Cytokines in acute and chronic inflammation.

Author information

1
Division of Rheumatology and Clinical Immunology, Department of Medicine, University of Pittsburgh, E1109 Biomedical Science Tower, 200 Lothrop St., Pittsburgh, PA 15261, USA. Feghali@novell1.dept-med.pitt.edu

Abstract

Inflammation is mediated by a variety of soluble factors, including a group of secreted polypeptides known as cytokines. Inflammatory cytokines can be divided into two groups: those involved in acute inflammation and those responsible for chronic inflammation. This review describes the role played in acute inflammation by IL-1, TNF-alpha, IL-6, IL-11, IL-8 and other chemokines, G-CSF, and GM-CSF. It also describes the involvement of cytokines in chronic inflammation.
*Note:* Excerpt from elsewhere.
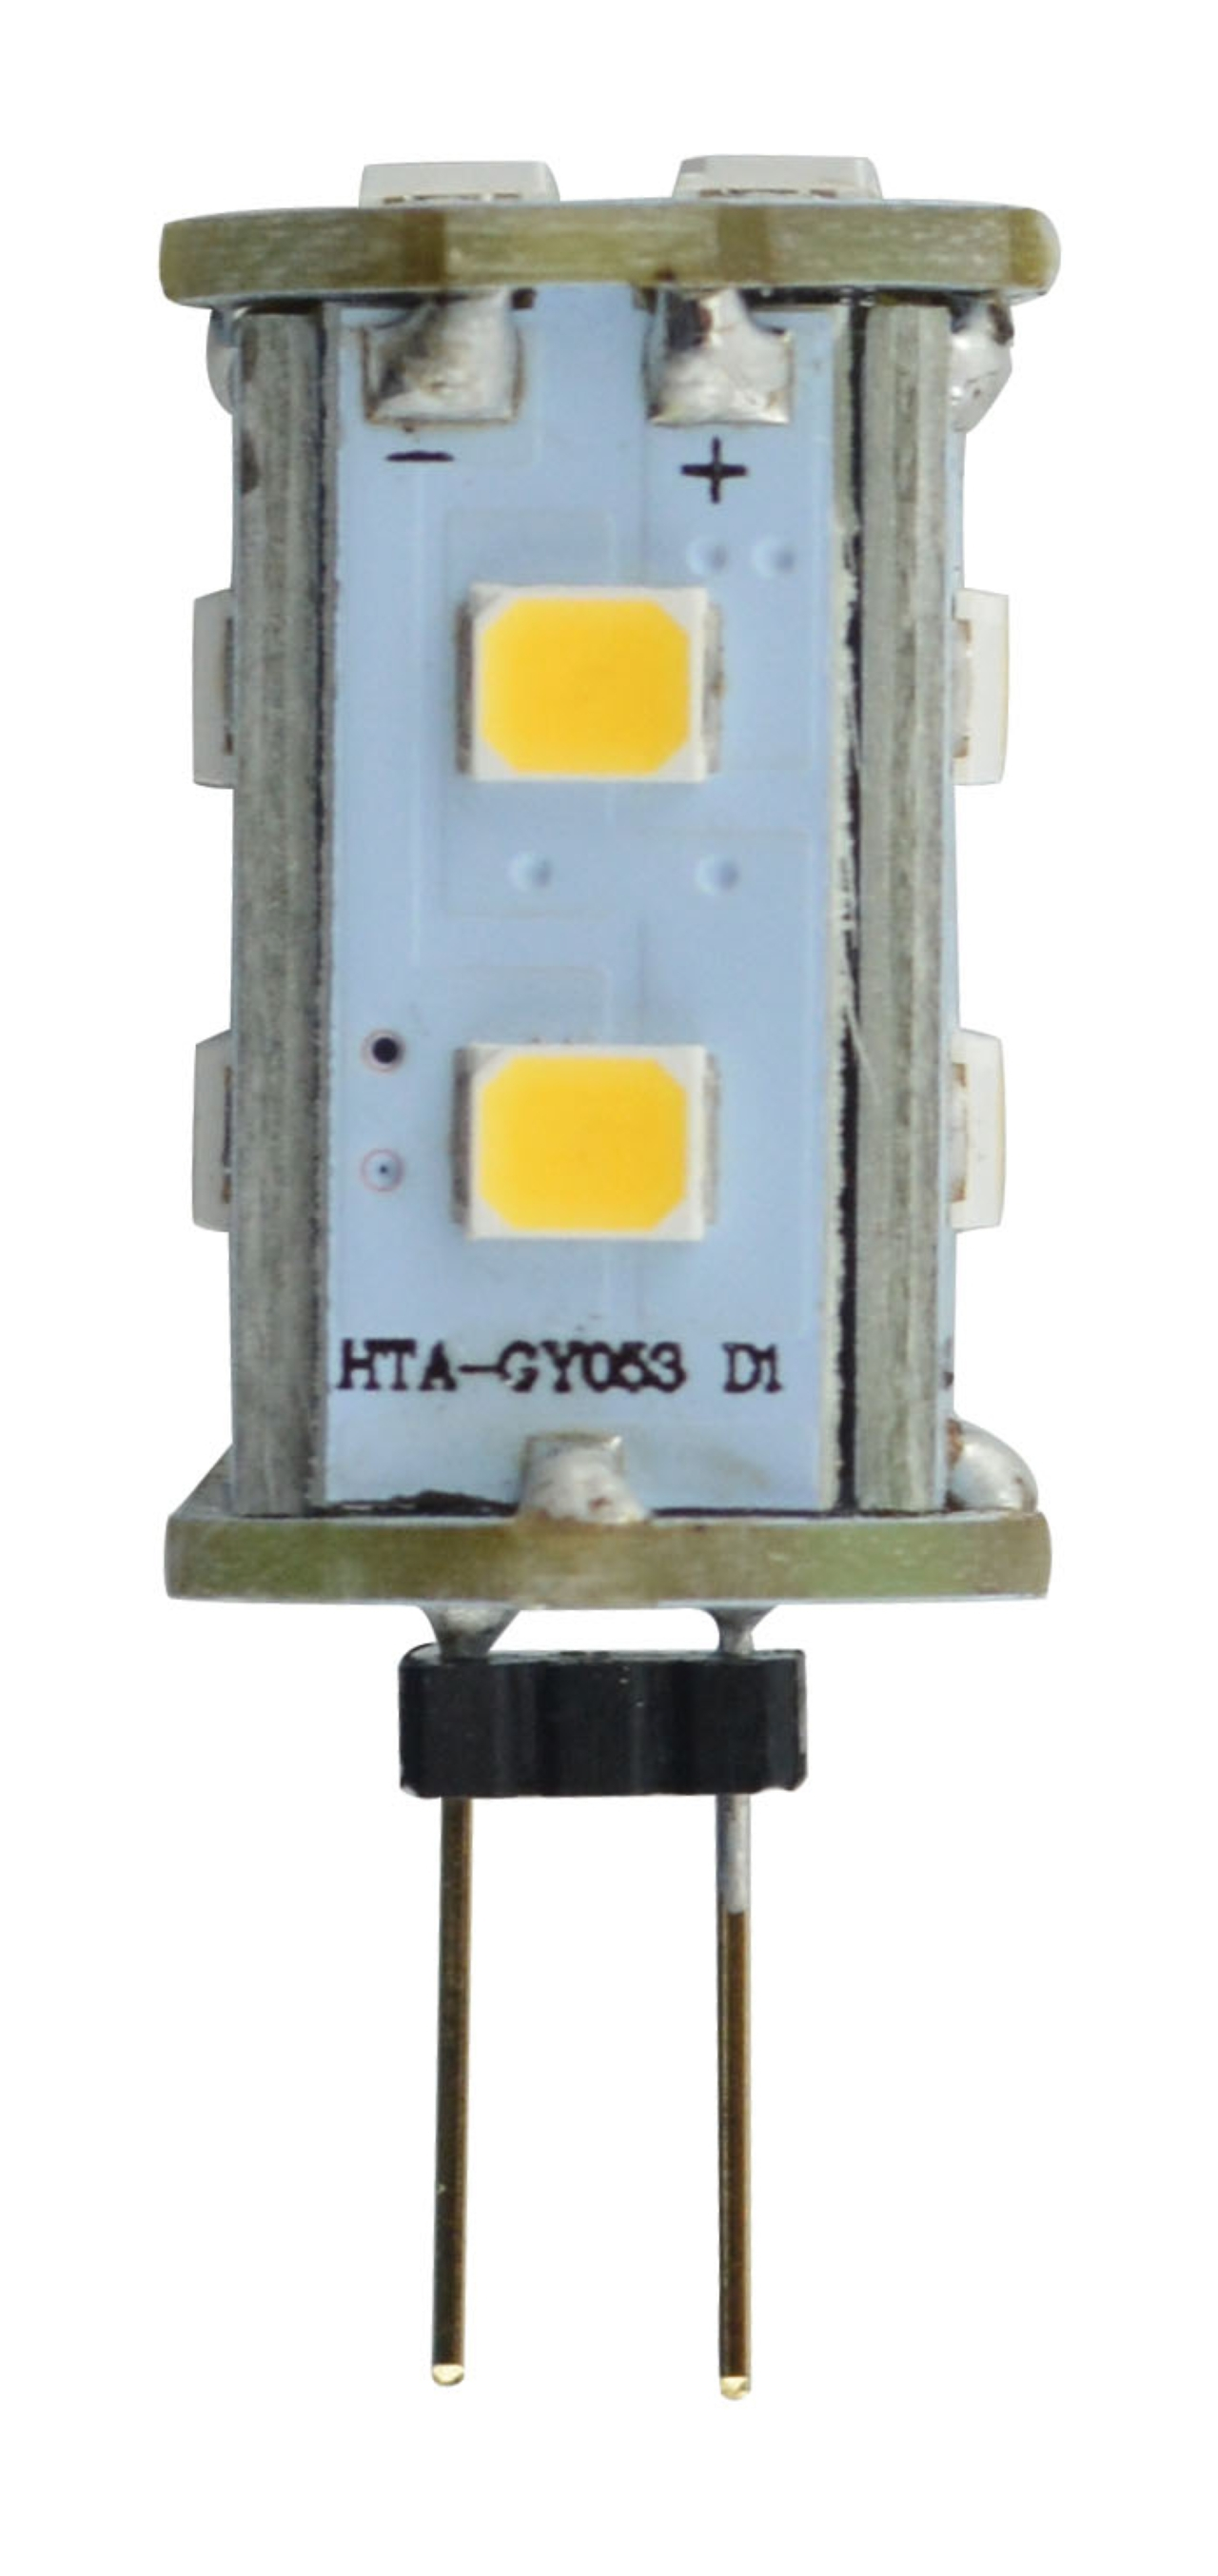 Mm Led À Aric G4 33 4000k 1w 12 Volts Ampoule 8Okn0XwP

This latter group can be subdivided into cytokines mediating humoral responses such as IL-4, IL-5, IL-6, IL-7, and IL-13, and those mediating cellular responses such as IL-1, IL-2, IL-3, IL-4, IL-7, IL-9, IL-10, IL-12, interferons, transforming growth factor-beta, and tumor necrosis factor alpha and beta. Some cytokines, such as IL-1, significantly contribute to both acute and chronic inflammation. This review also summarizes features of the cell-surface receptors that mediate the inflammatory effects of the described cytokines.

PMID:
9159205
[Indexed for MEDLINE]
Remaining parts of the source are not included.